Richard Wurman: Well, there is a word, and I do not know how it’s translated into Chinese. But there is a word that is being used by many corporations and governments in particular in the last five years, as the word will allow them to be competitive and to move forward in the 21st century. And that’s the word “innovation” — How do we get innovation?
The word is used so much that it is getting tired already, yet people don’t quite know what it is. It’s become the magic word. We need to have innovation: new inventions, new ways of looking at things. I’m all for that, but when you use words too broadly, they get to have less distinct meanings, they become vague.
So, what I’ve been thinking about lately is a new phrase, which is “access to inspiration,” which is how to allow people in your corporation, people in your companies, people in your country, politicians in their various agencies … how to give the people who do the work permission, to provide a pass or map, which helps them have access to people and ideas that inspire them to be more of themselves.
This permission giving — and I don’t mean revolutionary permission giving –but permission giving that allows them to think up things without carrying the baggage of “before.”
Much as WWW Conference is trying to unload the baggage that even I created, I am giving myself permission to say all the things that I thought of.
I can shed and begin again to see what, in the quietness of myself, inspires me and makes me feel calm, what is clear to me. I can allow myself to trust my own understanding and to trust my lack of understanding as a way to start off on a slightly new path.
Doing that as an exercise — not just embracing the patterns of before –allows certain numbers of creative people to have access to this new land, this new land of inspiration, to create some new ideas, to find new patterns. Basically, it’s an embrace of cartography; it’s an embrace of creating new maps to connect different things, to find new patterns.
So, to build a new city — which China is, of course, very interested in, the growth of cities — and to just try to make a better version of what they have now would not be the correct path. To take a company (for example), just polish the silver, just make it sparkle more, is not the correct path. To take a conference or a car or an invention (for example), just shine it up, or to take a beautiful flower and put gold on it, is not enough.
It’s not enough in this moment in fast-moving history to make just a better version of what has happened before. Eventually, you will hit a wall, and I worry about America. I worry about China. I worry about certain countries and companies that I see in the near future –not tomorrow, but the near future –just doing a better version of something or more of something or bigger of something. They’re going to hit a wall because I thinkthey have to go back and give themselves permission to find new patterns.
They can continue on doing what they’re doing; this is usual. I’m not saying stop in their tracks. I’m not saying, as I just said to you earlier in this conversation, that TED will not be great, and it will go on for years.
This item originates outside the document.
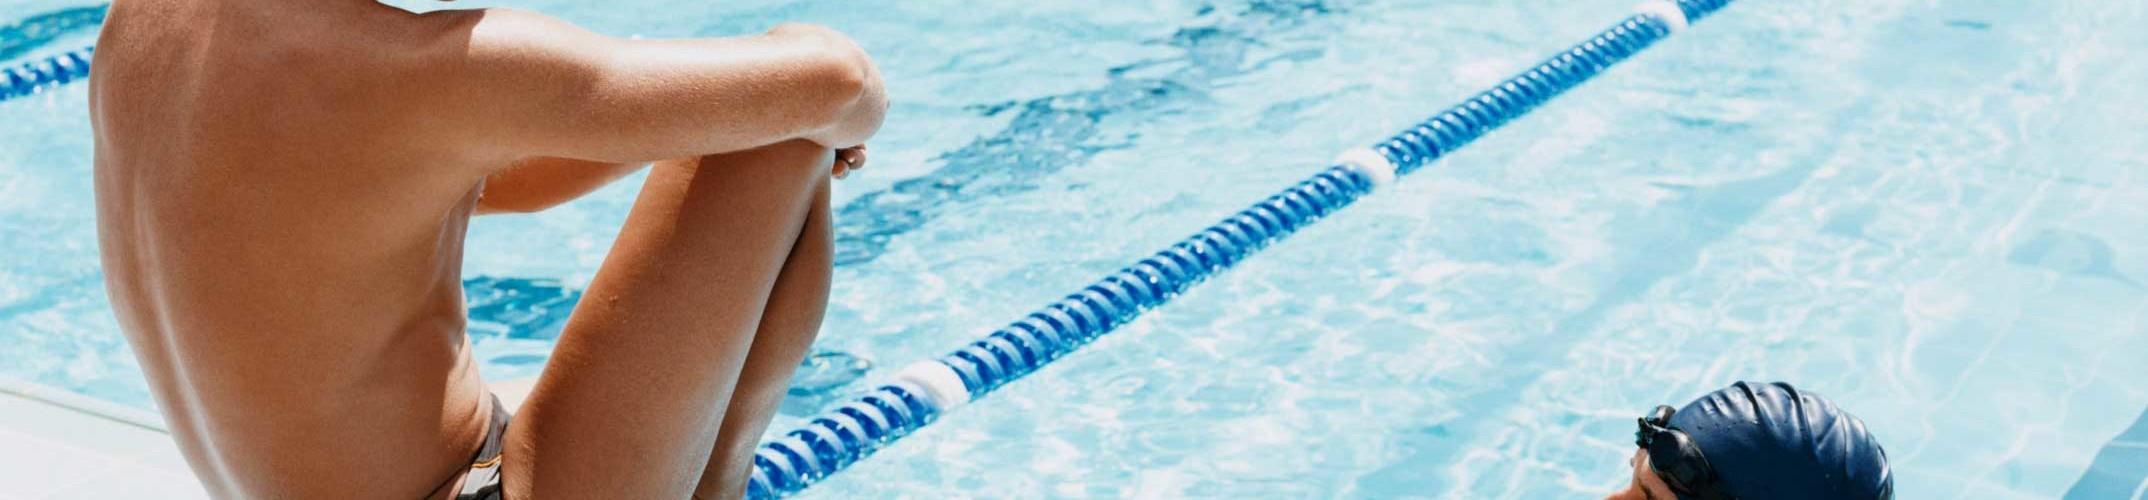 Una delle attività primarie della piscina comunale è il nuoto libero, che si svolge con elevate frequenze per tutto l'arco dell'anno.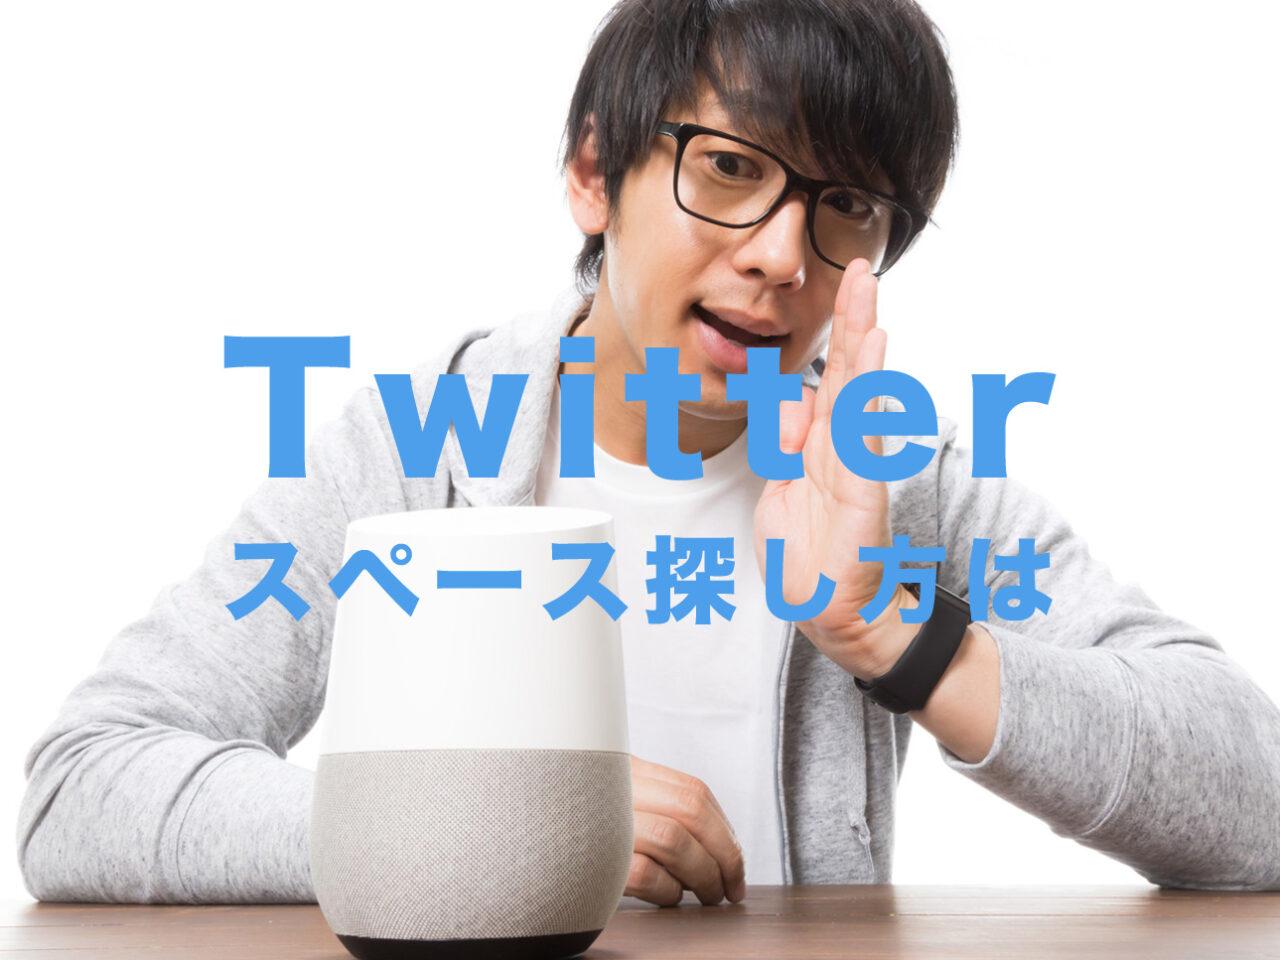 Twitter(ツイッター)でスペースの探し方&検索方法は?見つけ方はどうやって?のサムネイル画像

At the same time, in a parallel way, you have to go back and find new beginnings, to find new patterns for the future.
There are too many ways, new ways… (new) patterns that are coming up. I’m using the word, “pattern,” too much, but there are… too many epiphanies about the connective tissues of our society, connective tissue in communications and in… new devices, new programs for making these maps of understanding, this access to inspiration …
There are too many new ones that are going to change the future, and they’re just not going to be as a result of keeping the dial going bigger and bigger from the past.
It’s going to work, what China is doing, what America is doing, what other places are doing now, of just trying to make bigger, better, faster, prettier, more gold, more sparkle from the past.
It’s going to work for a while, so it’s going to fool people, lull people into thinking that it can go on forever. But nothing goes on forever, and they’re gonna have to go backwards and find some new beginnings to branch out from, because there are too many new things in the pot.
So many of our premises from the past are being challenged … a lot of it connected with communication — of the spreading of ideas and the spreading of ideas connecting ideas — and you can’t keep the ideas in a bottle once the cork is out. That’s it.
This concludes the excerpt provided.